Potential Policy & Legal Developments

  • Legislative reforms aiming at banning reverse payments under patent settlement agreements.
  • Enhanced enforcement of antitrust laws targeted at patent misuse.
  • Judicial scrutiny of patent validity and litigations perceived as strategic tools rather than genuine protections.

Key Takeaways

  1. Antitrust vulnerabilities in the pharmaceutical industry are increasingly scrutinized, especially regarding patent tactics designed to unlawfully extend market exclusivity.
  2. Settlement practices, particularly pay-for-delay agreements, are a primary target for regulatory action following Supreme Court rulings like FTC v. Actavis.
  3. Companies engaged in patent procurement, litigation, or settlements should ensure compliance with antitrust and patent laws, avoiding sham patent filings or collusive agreements.
  4. Large monetary settlements, such as the $23 million in this case, serve as deterrents and signal tightened regulatory oversight.
  5. Legal and regulatory trends suggest that future enforcement will prioritize transparency and legality in patent and settlement strategies.

FAQs

Q1: What was the core allegation in In Re Namenda Direct Purchaser Antitrust Litigation?
The core allegation was that defendants used sham patent litigation and strategic market conduct to unlawfully extend market exclusivity and suppress generic competition, resulting in inflated prices.

Q2: How does patent misuse relate to antitrust laws?
Patent misuse occurs when a patent holder employs its patent improperly, such as extending the patent’s scope beyond its lawful term to unlawfully block competitors, thus violating antitrust laws.

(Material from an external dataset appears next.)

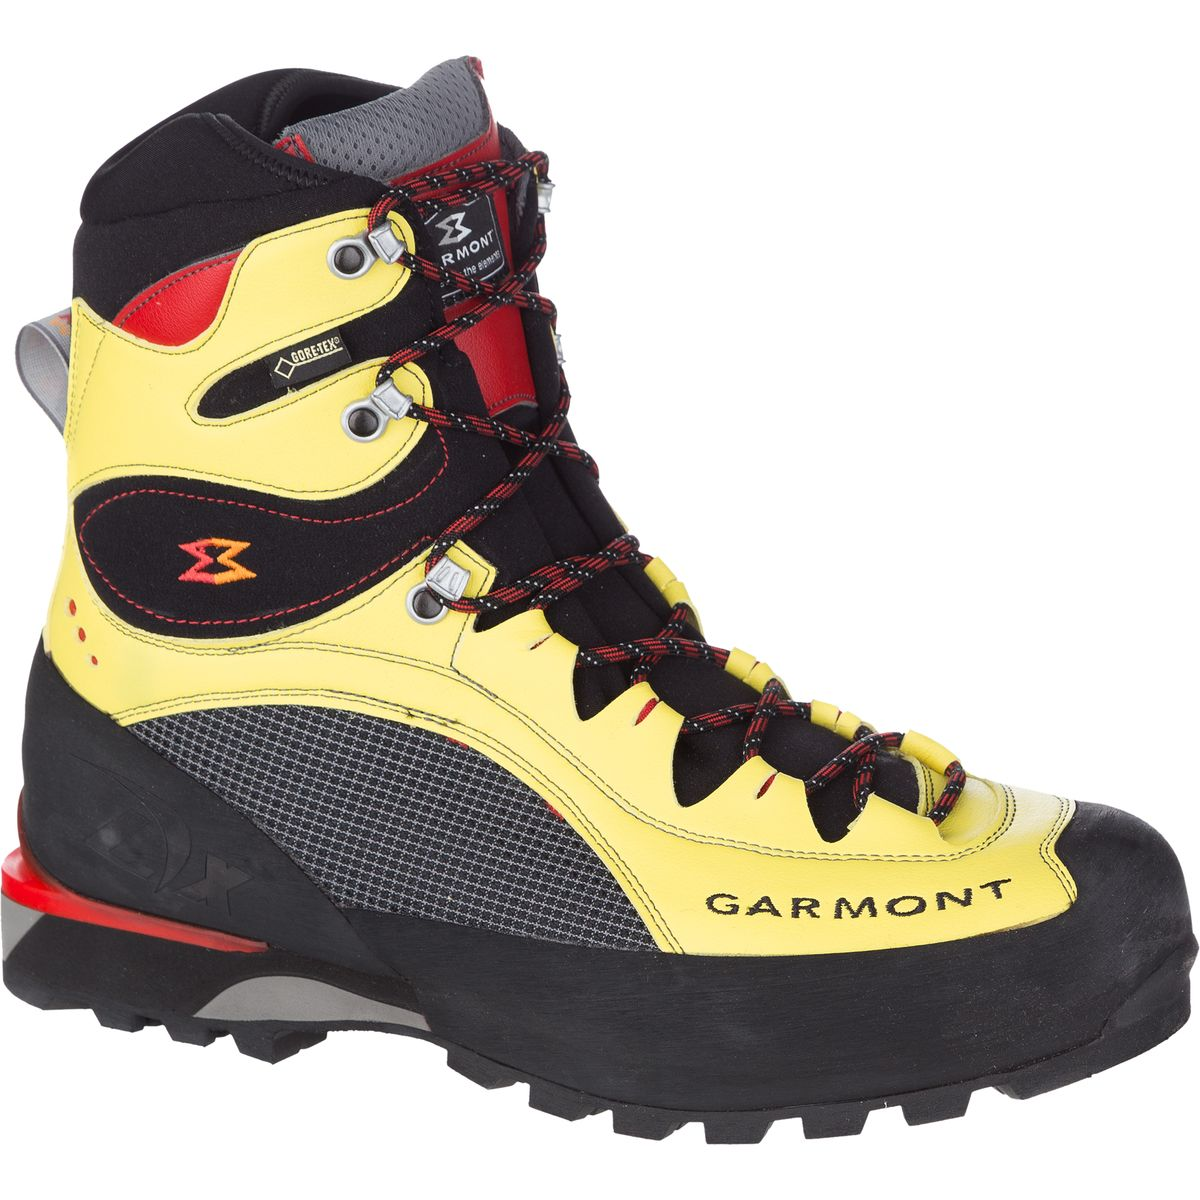 Garmont Tower Extreme LX GTX Mountaineering Boot - Men's

Q3: What is the significance of the FTC v. Actavis Supreme Court decision?
The decision affirmed that pay-for-delay patent settlements could be challenged under antitrust law, marking a crucial precedent to curb anti-competitive patent strategies.

Q4: What are the typical remedies in pharmaceutical antitrust cases?
Remedies include monetary settlements, injunctive relief restricting certain settlement practices, and, in some cases, patent invalidation or modification.

Q5: How should pharmaceutical companies mitigate antitrust litigation risks?
They should adopt transparent patent and settlement policies, conduct thorough legal reviews of patent litigation strategies, and avoid collusive or sham patent filings intended solely to delay generics.


References

  1. United States District Court for the Southern District of New York, Case No. 1:15-cv-07488, In Re Namenda Direct Purchaser Antitrust Litigation.
  2. FTC v. Actavis, Inc., 570 U.S. 136 (2013).
  3. U.S. Department of Justice, Antitrust Division, "Antitrust Guidelines for the Licensing of Intellectual Property," 2017.
  4. United States v. Microsoft Corp., 253 F.3d 34 (D.C. Cir. 2001).
  5. Federal Trade Commission, "Commentary on Patent Settlements," 2019.